En esta ocasión la victoria en la Champions, la Liga y la Copa del Rey los he vivido con especial emoción. Sí, lo reconozco, una de las razones es que me sigues pareciendo uno de los hombres más guapos y elegantes de España, pero hay más Me he alegrado por cada una de tus victorias de esta temporada no sólo porque creo que personas como tú (y la mayor parte de tu equipo), comedidas, serias, leales, trabajadoras y educadas, se merecen cualquier éxito, sino que además considero que , por el bien social, éstos deben ser visibles. Porque hoy en día, lo que se ve en los medios y se acaba transmitiendo a la sociedad es esa idea odiosa de que aquí sólo triunfa de verdad el listillo, el agresivo, el polémico… La televisión está llena de “profesionales de la información” que defienden el alcahuetismo más pestilente llamándolo periodismo, de personas que confunden la sinceridad y una personalidad fuerte con la peor educación y la soberbia absurda del acomplejado. Los defectos se convierten en cualidades y el resultado acaba siendo que la gente seria es considerada borde y aburrida (por no participar en el circo); la educada , falsa por “no decir las cosas a la cara” (solo las peores y más hirientes, por supuesto); y la ilustrada o culta, soberbia y frikie.
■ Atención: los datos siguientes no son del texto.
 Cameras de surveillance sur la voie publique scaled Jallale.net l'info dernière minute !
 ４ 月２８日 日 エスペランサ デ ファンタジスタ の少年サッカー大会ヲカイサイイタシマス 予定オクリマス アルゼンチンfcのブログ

Por el contrario, se confunde la agresividad chabacana con valentía, el paletismo sonrojante con espontaneidad o la mentira y el engaño con manifestaciones de inteligencia. Ésos son nuestros ejemplos de personas con éxito, los modelos a imitar.

Por eso me reconforta verte en la televisión, escucharte hablar con mesura y tranquilidad en cada una de tus intervenciones, sobre lo que te toca, sin meterte en más jardines ni buscar la polémica absurda. Porque pareces una de esas personas con las que se podría disfrutar de una caña relajada y agradable, y eso, créeme, no abunda en el “ojo mediático”. Me alegro muchísimo por tus triunfos, pero casi aún más por el enorme favor que hace a la sociedad la visibilidad de gente como tú. De gente normal. Enhorabuena.